Tolkien aborda aqui uma diferença entre o mundo da luz e o mundo das sombras. O próprio sentido
olfativo atribuído aos Nazgûl é uma referência à noção de Heráclito, que comentou que no Hades, o
submundo do mito grego, as almas dos mortos, são apenas fumo e estes se reconhecem através de seu
perfume. Os espectros do Anel não são mortos nem vivos e beiram entre os dois sentidos da ponte, o que
os afasta de quaisquer sentidos pertencentes ao mundo mortal. Uma mesma dicotomia pode ser vista nas
relações entre os conceitos de imortalidade e mortalidade.

Mortalidade e imortalidade
O um Anel permite ao seu usuário mortal tornar-se invisível para outros olhos mortais. Ele transfere
seu portador para o mundo das sombras, onde o plano físico é imperceptível e o que antes não se via
torna-se concreto. Ao colocar o Anel, Frodo faz-se invisível aos mortais, no entanto ainda pode ser visto
pelos Nazgûl, cuja formas etéreas agora se traduzem em formas físicas para Frodo:

Imediatamente, embora todo o resto permaneça como antes, ofuscado e escuro, as formas (Nazgûl)
tornam-se terrivelmente claras.

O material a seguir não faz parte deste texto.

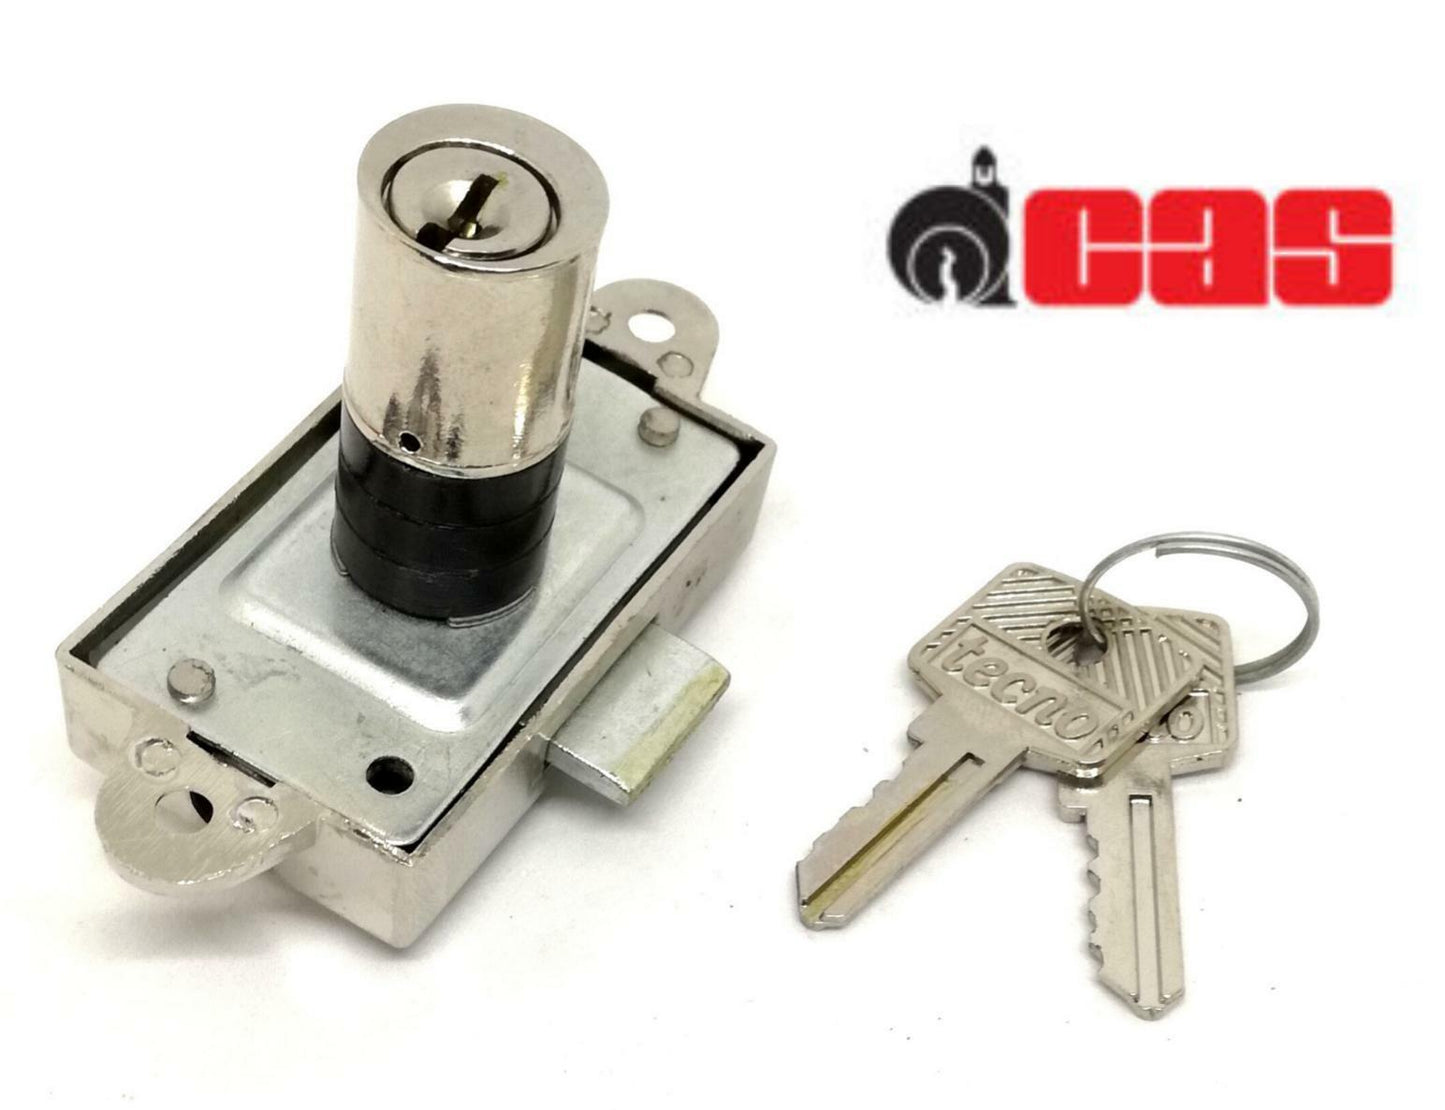 Serratura CAS 223C da applicare Aste Rotanti cilindro H.mm.30 marchio Tecno Lock

Ele (Frodo) foi capaz de ver debaixo de seus envoltórios negros. Haviam
cinco figuras altas: duas em pé paradas, três avançando. Nos seus rostos brancos queimavam olhos
aguçados e impiedosos; debaixo dos seus mantos haviam longas vestes cinzentas; em seus cabelos
cinzentos haviam elmos de prata; nas suas mãos cansadas haviam espadas de aço. Os seus olhos o
focavam e o perfuravam, enquanto avançavam em sua direção.

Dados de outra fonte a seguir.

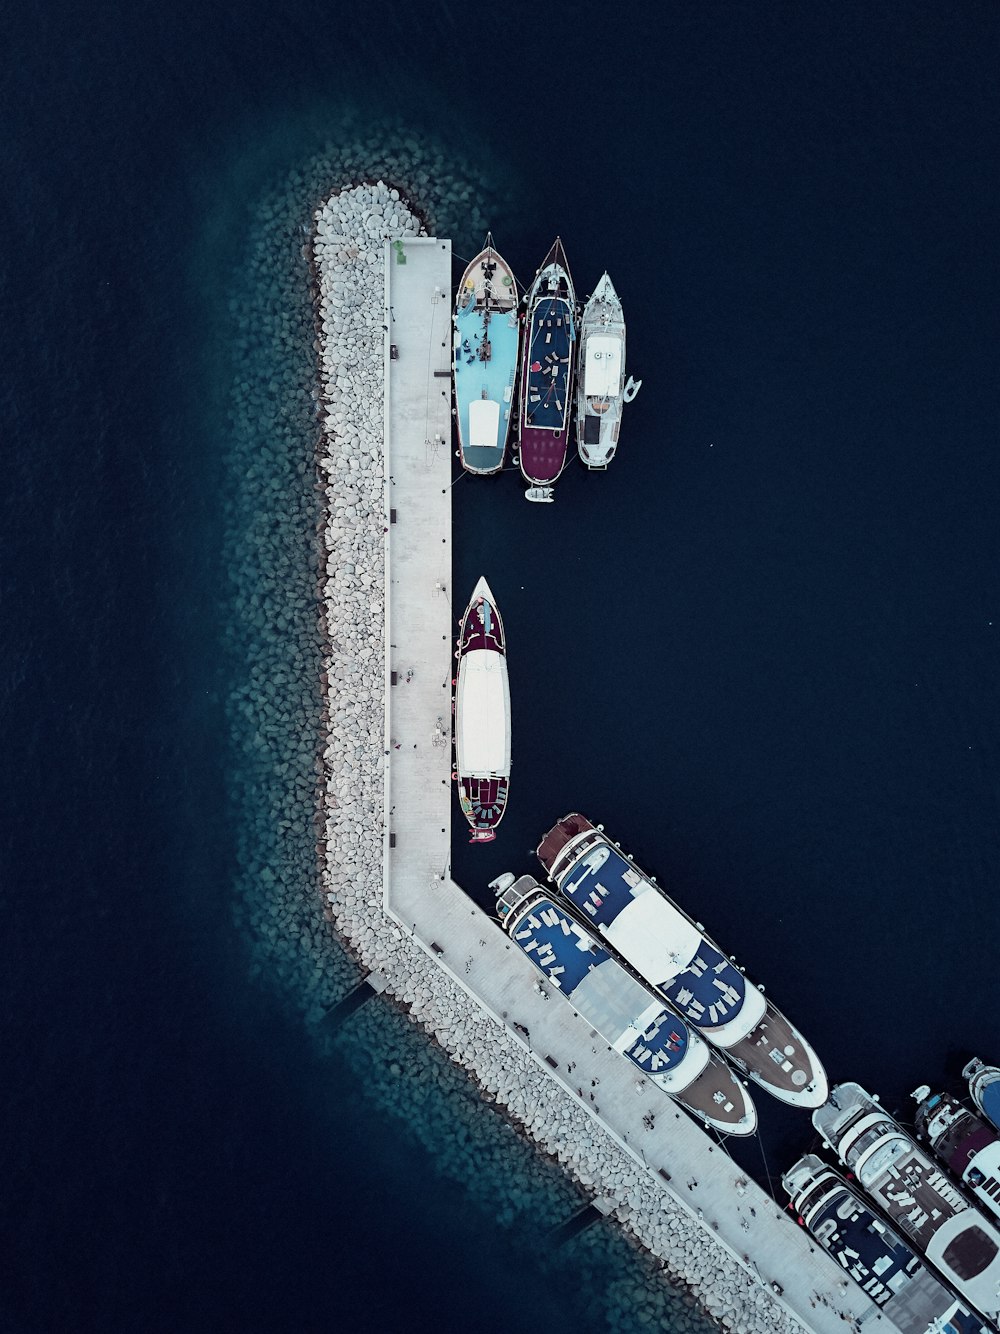 Fotografía aérea del puerto del barco

Porém os Nazgûl não são os únicos seres da Terra Média capazes de testemunhar o "invisível". A
separação entre físico e espiritual não afeta as criaturas imortais. Em O Senhor dos Anéis, o Anel não
afeta fisicamente Tom Bombadil, que sem dúvida é também uma criatura imortal:

Ele (Frodo) deixou o Anel escorregar. Merry virou-se para dizer algo e deu um começo, e verificou e
exclamou. Merry estava olhando inexpressivamente para cadeira, e, obviamente, não podia vê-lo. Ele se
levantou e rastejou silenciosamente para longe da lareira em direção à porta exterior. “Ei, você!”, Tom
gritou, olhando para ele fixamente com seus olhos brilhantes. “Ei, Frodo, venha cá! Onde vai? O velho
Tom Bombadil ainda não está tão cego assim. Tire o anel dourado! Sua mão é mais justa sem ela.”

Anteriormente, quando Tom Bombadil colocou o um Anel, ele não se tornou invisível: "Tom pôs o
Anel na ponta do seu dedo mindinho e segurou-o até à luz da vela. Por um momento os hobbits notaram
algo estranho sobre isso. Não havia nenhum sinal de Tom desaparecendo!" Mais tarde, durante o
conselho de Elrond, Gandalf descreve Bombadil como “mestre de si mesmo”, e, portanto o Anel não
poderia exercer poder sobre ele, uma vez que afeta mortais e Tom não seria um deles. Em O Senhor dos
Anéis, Tom Bombadil é referido a nomes bastante prestigiosos e até mesmo divinos: conhecido como o
mestre da madeira, da água e da colina, e muitas vezes chamado por Frodo pelo mesmo nome. Quando
Frodo pergunta à esposa de Bombadil, Goldberry, quem ele é, ela o responde de forma bastante bíblica:

“Minha senhora!” disse Frodo novamente depois de um tempo. “Diga-me, se a minha pergunta não
parece tola, quem é Tom Bombadil?”
“Ele é", disse Goldberry, mantendo seus movimentos rápidos e sorrindo.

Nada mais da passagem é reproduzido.